**Task directions**
Output the data in full. Keep every word exact and exclude the pictures.
Top of Supplied information
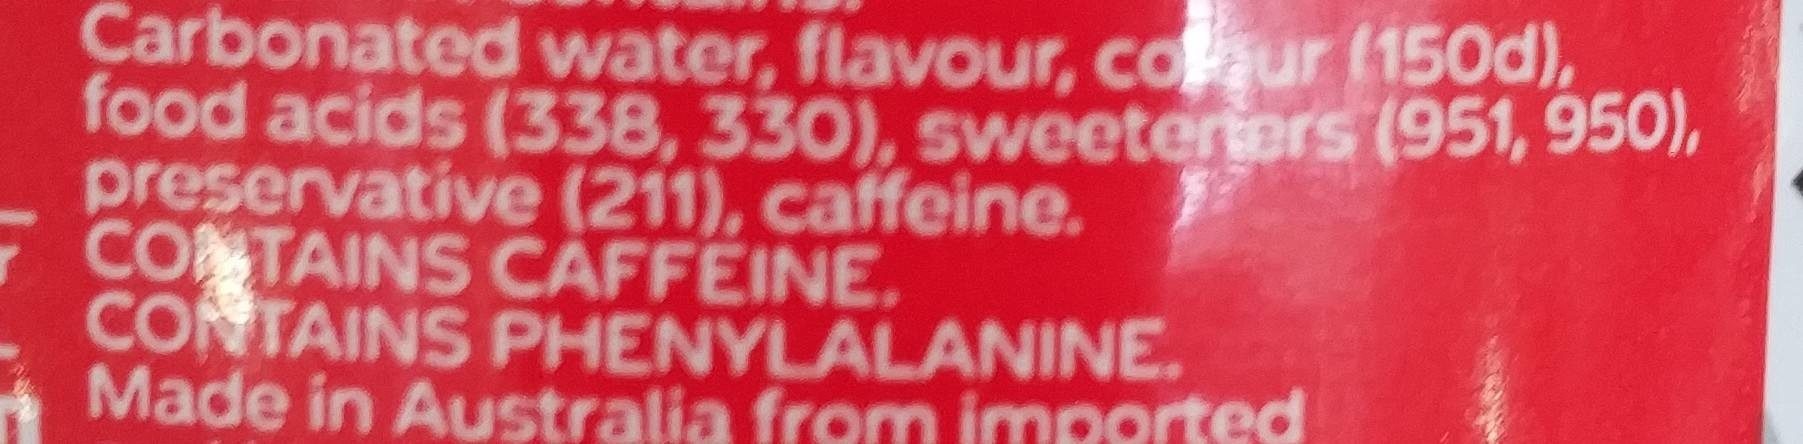 Coca cola Diet - Ingredients
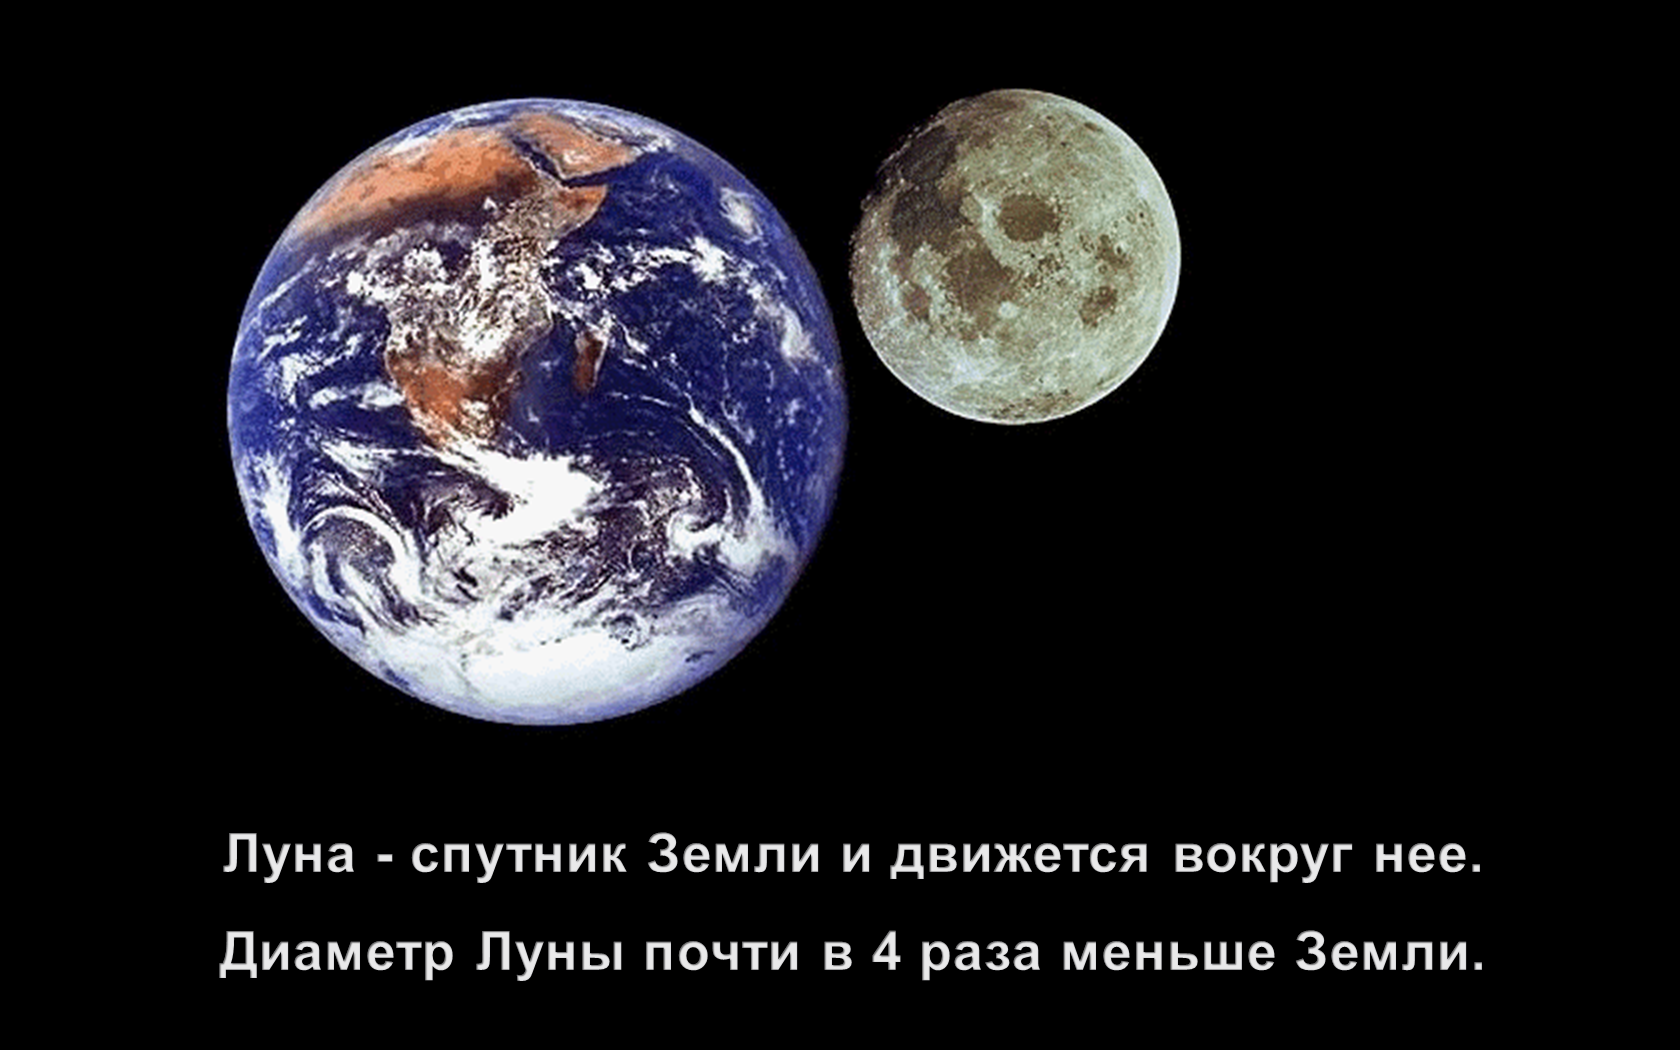 Спутники больше луны
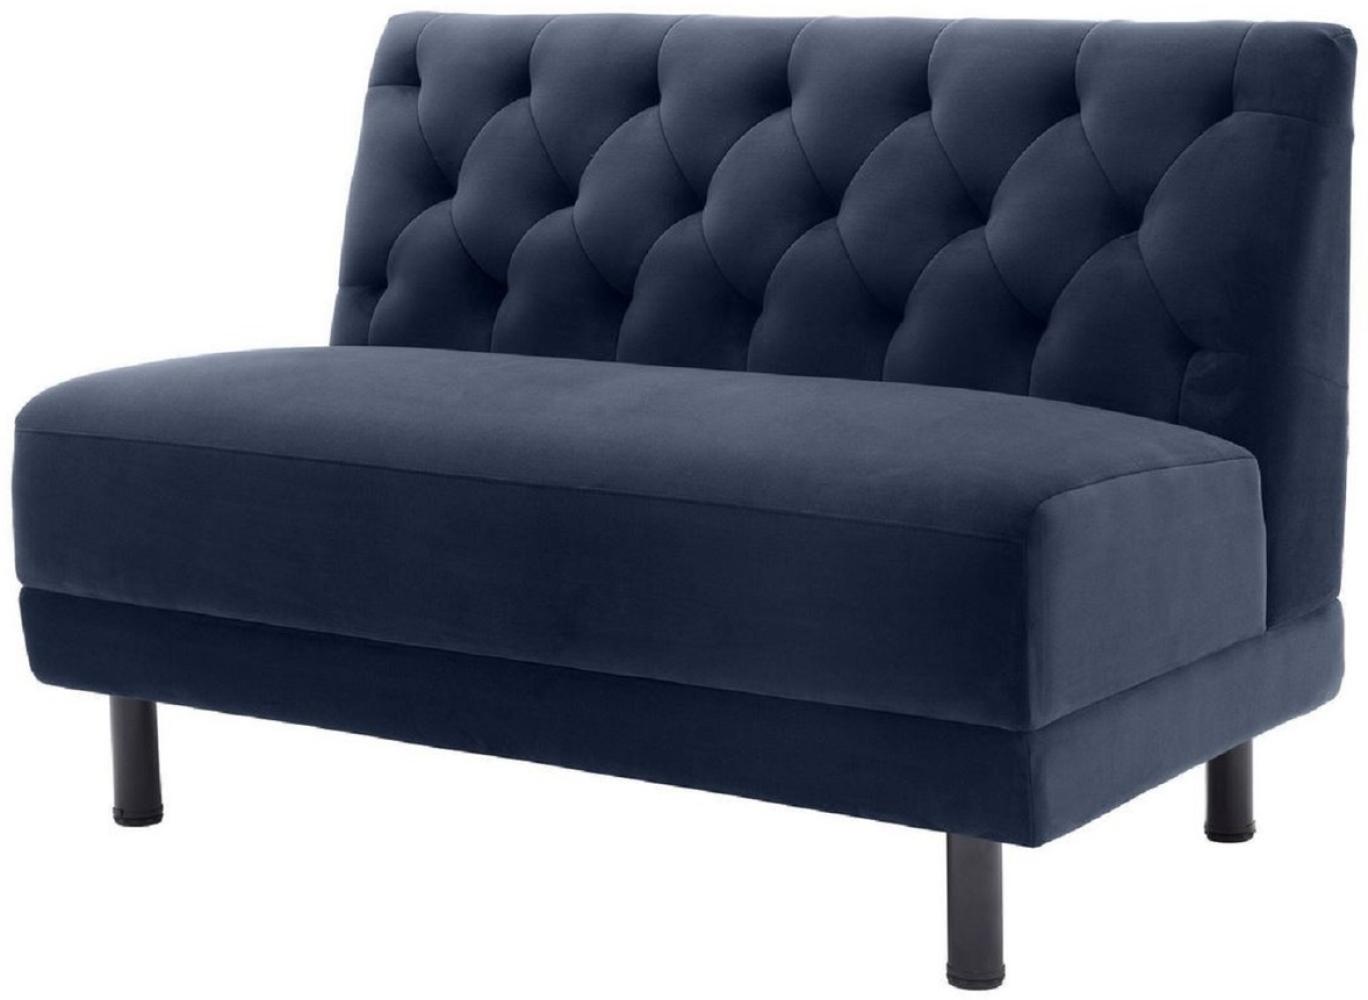 Casa Padrino Luxus Chesterfield Couch Mitternachtsblau / Schwarz 121 x 75 x H. 85 cm Bild 1
Bottom of Supplied information
**Task result**
 Coca cola Diet - Ingredients
 Спутники больше луны
 Casa Padrino Luxus Chesterfield Couch Mitternachtsblau / Schwarz 121 x 75 x H. 85 cm Bild 1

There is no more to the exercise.